One step towards achieving this is putting mechanisms in place to formalise knowledge transfer from the partner institutions to Bond. The CRN-AESS Research Methods Library (RML) is a digital repository designed to capture the research protocols used across the diverse range of CRN-AESS-funded seeding grants and cross-institutional research projects in clinical research, exercise and sport science, and injury management and human performance.

Design and implementation of the CRN-AESS RML

The CRN-AESS RML will embrace the principles of open science, providing a dynamic, open access collection of research protocols. It will be hosted in Bond’s digital repository, and will be discoverable via direct access, and links from Google, Google Scholar, Bond Library’s Alma and Primo systems, and the Research Data Australia site.

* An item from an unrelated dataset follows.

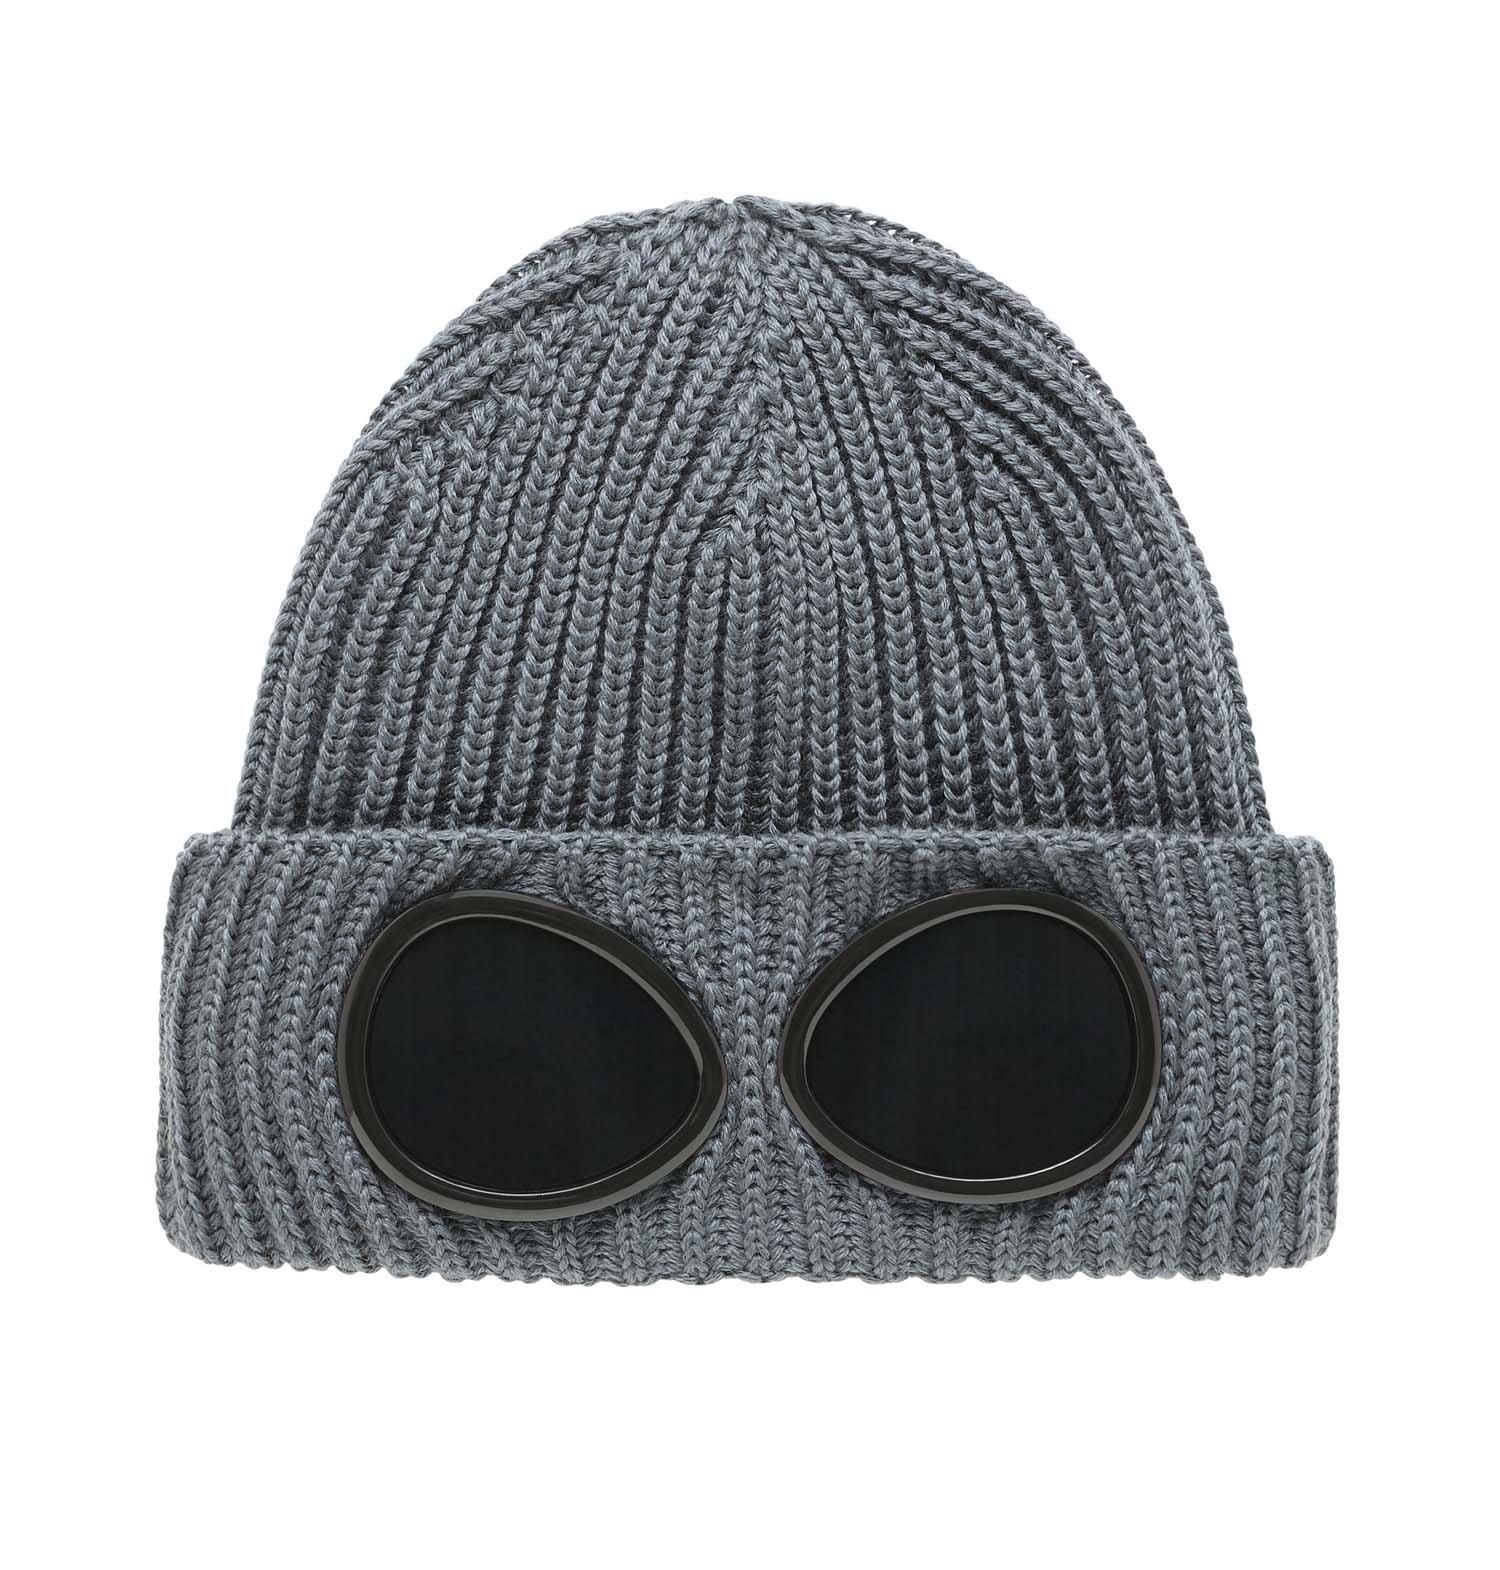 28f557575fe Merino Wool Goggle Beanie Hat

The RML will be enhanced by persistent identifiers (DOIs), geolocation maps, links to publications and institutions, and a commentary feature for each record to provide a feedback mechanism for discussion to foster discussion about research methodology. It is anticipated that data visualisation, for example video capture, will also be incorporated as an additional enhancement of the methods collection. An ‘Expert Gallery’, featuring CRN-AESS researchers, may also be incorporated into the RML community site. External collaborations will also be featured including interactions with other national and international research groups and exercise and sport organisations.

It is anticipated that the RML will provide the following tangible benefits to Bond, other CRN- AESS partners, and the broader scientific community:

  1. Meeting strategic targets and creating an enduring legacy of CRN-AESS funding.
    The RML directly addresses key strategic foci as outlined in the CRN-AESS Implementation Plan. This centralised methods repository will formalise knowledge transfer from CRN partner institutions to Bond, ensuring that knowledge and skills developed during the collaborative research process are available to both current and future researchers.

  2. Showcasing the breadth of CRN-funded projects, and fostering links with the broader exercise science research community.
    The open accessibility of the collection, together with the open comments feature that will be incorporated into the digital record of each Method, will facilitate engagement with the RML, and help to nurture future research collaborations.

  3. Encouraging a culture of continuous improvement.
    The collection will be designed to endure and grow with enhancements that will complement the discoverability and accessibility of the data with an open communication channel for global feedback, and possible improvement of the research methodologies.

  4. Increasing transparency and accountability.
    Openly accessible, detailed research protocols facilitate critical evaluation of research by reviewers, granting bodies, scientists, clinicians, and others who engage with the research.

  5. Facilitating study replication.
    'Irreproducibility’ is a major issue across many areas of science. Inability to access detailed research protocols/methods used in the original research is one factor that impedes efforts to replicate a study [1]. Methods sections in published papers often lack the detail necessary to reproduce the study [2]. For example, 40-89% of biomedical randomised controlled trials do not contain sufficient methodological information to enable replication [3]. This does not necessarily mean that robust protocols were not used, just that they may not have been completely reported. Open access repositories such as the RML provide a mechanism for reporting research methods.

  6. Reducing redundancy.
    Weeks, and often months, are invested in developing methods, some of which may already be well-specified in another lab. Openly accessible methods can shift the focus from developing methods to instead modifying and applying these methods to address important questions. This is especially pertinent for higher degree research (HDR) students and early career researchers (ECRs), who often have very limited time (and funding) to produce high quality research outcomes.